One element that Hauer fought for, which also didn’t ultimately make its way into the final cut, was a more established backstory for the Hobo. “I thought this Hobo needs to have some sort of history we agree on, and there was none.”

The problem as he saw it was that the character was too one-dimensional. He arrives in this burned-out city with only one desire: to get a lawnmower and use it to start building a business, and a life. It is only when he finally has enough money to buy his precious mower that tragedy strikes, and he reaches instead for a shotgun.

“That’s very simple thinking,” Hauer said of his character’s motivations. “So I felt we needed to come up with some sort of backstory where we understood where he came from.” Eisener ended up shooting the material and not using it in the end, for which his star applauded him.

The production as a whole was marked by a rich exchange of ideas between the cast and the crew. Hauer recalls one scene in particular in which he gave his director the verbal equivalent of a clarity-inducing slap in the face.

“I know in the pressure of the moment [it’s easy to get carried away],” he said. “There’s one moment in the film where there are … five people storming through a room and the Abby character (Molly Dunsworth) [has] got a saw in her neck and the guy is cutting her. At this moment the hobo needs to realize that if he doesn’t do something quick … shit’s [going to get] really bad.”

“I remember they were arguing how the Hobo would get into the room and how he would get out [of the motel],” Hauer continued. “And I said to them, ‘Guys, this isn’t a movie about explaining how he gets there. Just let him get there fuckin’ just in time. You don’t need to explain everything!’ I remember screaming to Jason and saying ‘Stop it! Just stop this! It’s bull-SHIT!’ And he applauded.”

The film’s bloody conclusion was also an idea that was revisited and discussed over the length of the production. It turns out that another ending was shot, one that continues the story story thread the theatrical cut ends on with an epilogue in which Abby has become the city’s new queen, ruling over all with help from the movie’s armored two-man gang, The Plague.

“I said to [Eisener], ‘Show me an ending that I can believe,'” Hauer said, adding that the idea with Abby taking over was “clever, but it wasn’t right.” It seems that the studio wanted a happier ending, but the director fought back and eventually got his way, which Hauer appreciated.

“Good for Jason for holding on, because you cannot fuck people over like that,” he said. “You had to end it right [with my character dying]. I’ve died like 60 times in movies — I’ve had that counted. I hold the Guinness record for this, although it’s not in the Guinness records book and doesn’t need to be … but that’s just how [Hobo with a Shotgun] has to end. You can’t please everybody and we fucking don’t want to, do we?”

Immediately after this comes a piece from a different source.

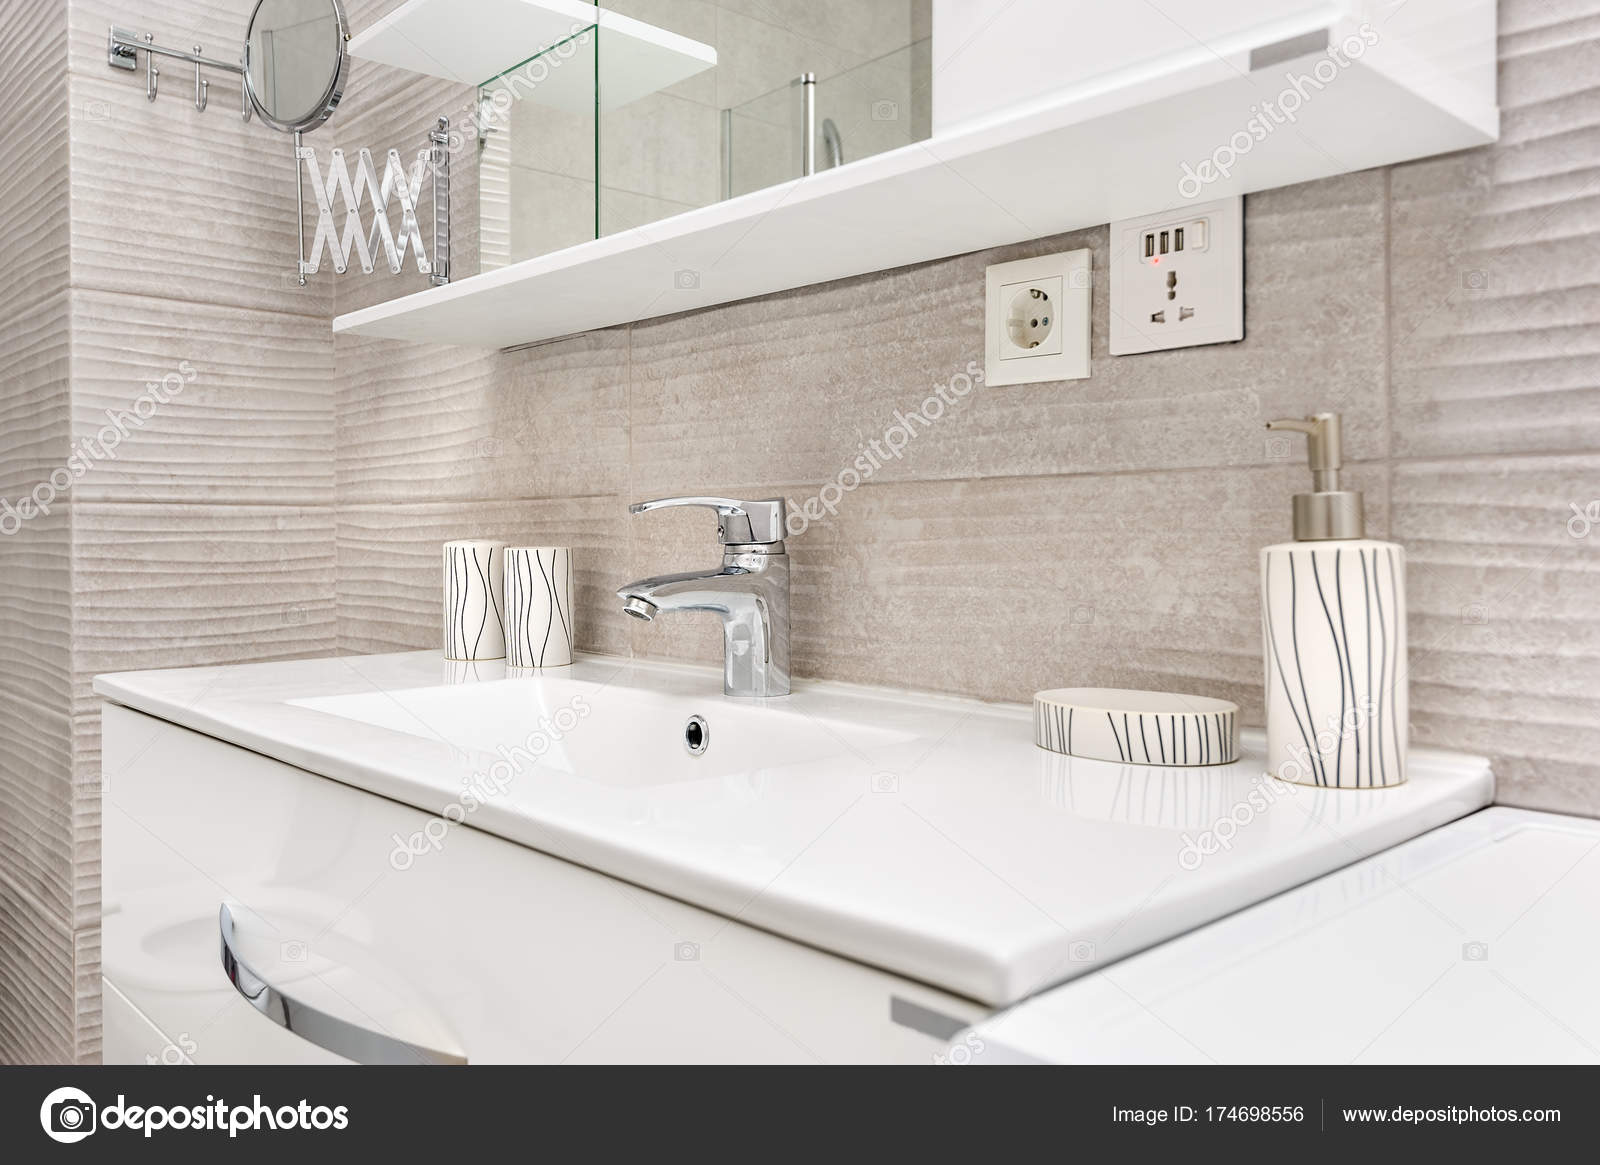 Badkamer Gootsteen Kast : Zinken in moderne badkamer u2014 stockfoto © starush #174698556

He added, “It’s an interesting package, to make such a crazy movie about such a nice man who is in such a corner. It’s all there. It’s all part of the pixels for the character.” The gruesome end that the Hobo meets is sad, in a sense, but it is also inevitable and necessary to carry across the underlying idea behind the movie.

“The whole thing about the shotgun is, you’re going to get to the wrong end of it,” Hauer explained. “That’s really the message of the movie.”

“We’re saying, if you want to do justice with a gun, go fuck yourself again. It’s not happening. It lasts a little bit, but not very long. Not a lifetime.”